Words: Chris Ralph
Photos: Phil Wisewould
What is this racing class?
The Group N (Historic Touring Cars) category was introduced in the early 1980s by the Confederation of Australian Motor Sport (CAMS, now known as Motorsport Australia) to reflect the pre-1972 ‘Golden Age’ of touring car racing.
All but a handful of the original race machines from that era have disappeared, so today’s cars are mostly replicas built to strict CAMS/MA rules, which you can read at motorsport.org.au.
Old, older, oldest…
We’ll start with the oldest cars first.
- Group Na (pre-1957): For cars available in Australia - ‘Humpy’ Holdens, Ford Zephyrs, Jaguars, Austins, Simcas and Volkswagens, for example.
- Group Nb (1958-64): For makes and models with a proven overseas or Australian competition history - early Mustangs and Falcons, Cortinas, FE to EH Holdens, Minis, Alfa Romeos, Hillmans, Volvos, Triumphs, Jags, Valiants and more.

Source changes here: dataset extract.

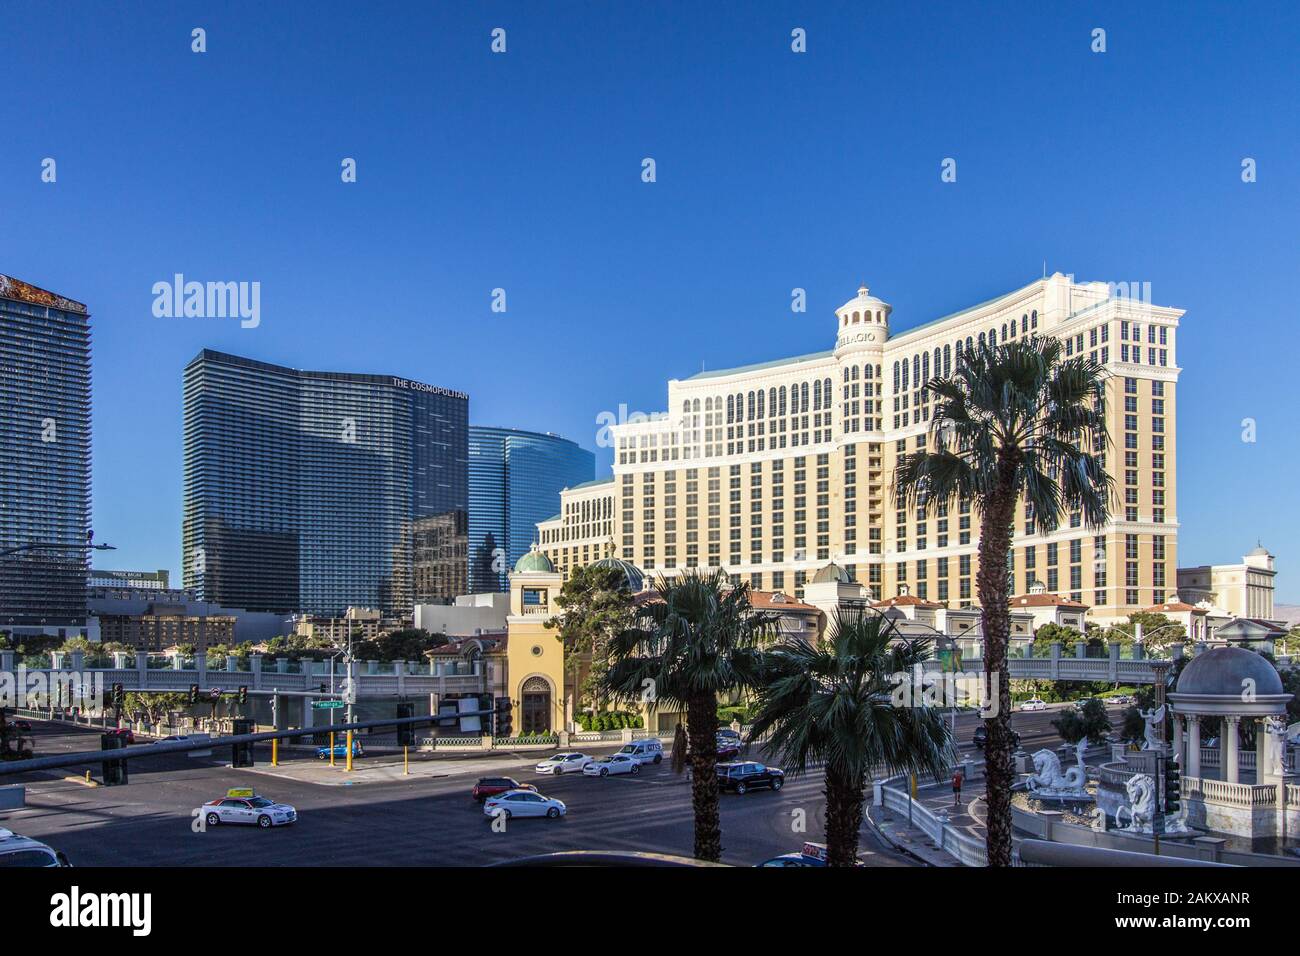 Las Vegas, Nevada, USA - Mai 6, 2019: Der belebten Kreuzung der Las Vegas Boulevard und Flamingo Road mit Ampel auf dem Las Vegas Strip mit werden. Stockfoto

- Group Nc (1965-72): For cars with an Australian competition history - Boss and Fastback Mustangs, Camaros, Monaros and Toranas, big Falcons, Valiant Pacers and Chargers, as well as smaller Ford Escorts and Capris, Datsuns and BMWs, among others.
It’s not all about crossing the line first.
The magic of this class lies in its different shapes, sizes, weights, engines, drivetrains, braking and handling - from one of the most diversely interesting 20-year periods in automotive history.
As such, competition results are split into age and capacity classes. While roaring 600hp muscle cars lay rubber out the front, competition is just as intense down through the field as evenly-matched cars fight for trophies among themselves.
Older or less developed cars sometimes need more skill to carry speed around a circuit. The smiles are just as wide among the dueling “slower” drivers after a race, though; often the Club Championship is won by a driver from a smaller capacity class.
What sort of car should you think about?
Some competitors want a make and model they’ve loved all their life, others look for a competitive car in a popular class. If you know a particular make intimately and have access to competition parts, then that might be the one to build, for an extra sense of satisfaction. But it’s a long road and many half-built cars languish in sheds.
It’s always quicker and more economical to buy an already CAMS-logbooked car after someone else has done the hard work! You’ll find suitable cars advertised with JUST CARS, on specialist websites such as my105.com.au, or directly through the Historic Touring Car Association of Victoria (HTCAV) at htcav.com.au, or on the HTCAV Facebook page.
Traps for the unwary? Budgets?
When 45+ year-old cars are modified beyond their original intent, care is needed. Every make and model has its strengths, but weaknesses can become more pronounced under racing conditions. However, the HTCAV or your local state historic touring car club has a bank of knowledge - often there’s a good, known car for sale.
Historic touring is a welcoming community and you’ll never be short of advice. But there’s one golden rule - “don’t leap before you’ve listened”. Read the rules and talk to the experts first! You’ll be on the track sooner and for less money if you do.
Motor racing is expensive (so are boats and horses!), but it is possible to get started with a competitive car for between $20-30,000, depending on the make and class you want to run in. Being classics, values are also more likely to go up than down...
Where to from here?
Whatever you choose to race, you’ll need membership of an approved club to start the process of getting your CAMS/MA licence (motorsport.org.au/membership/licence). If you don’t have one, the HTCAV will be delighted to help. Then you can enter a couple of sprint meetings to get your eye in and shake the car down before climbing into your suit and helmet.
Being part of the JUST CARS historic touring car tribe is a really satisfying way to enjoy life and release you from the travails of the everyday world. C’mon!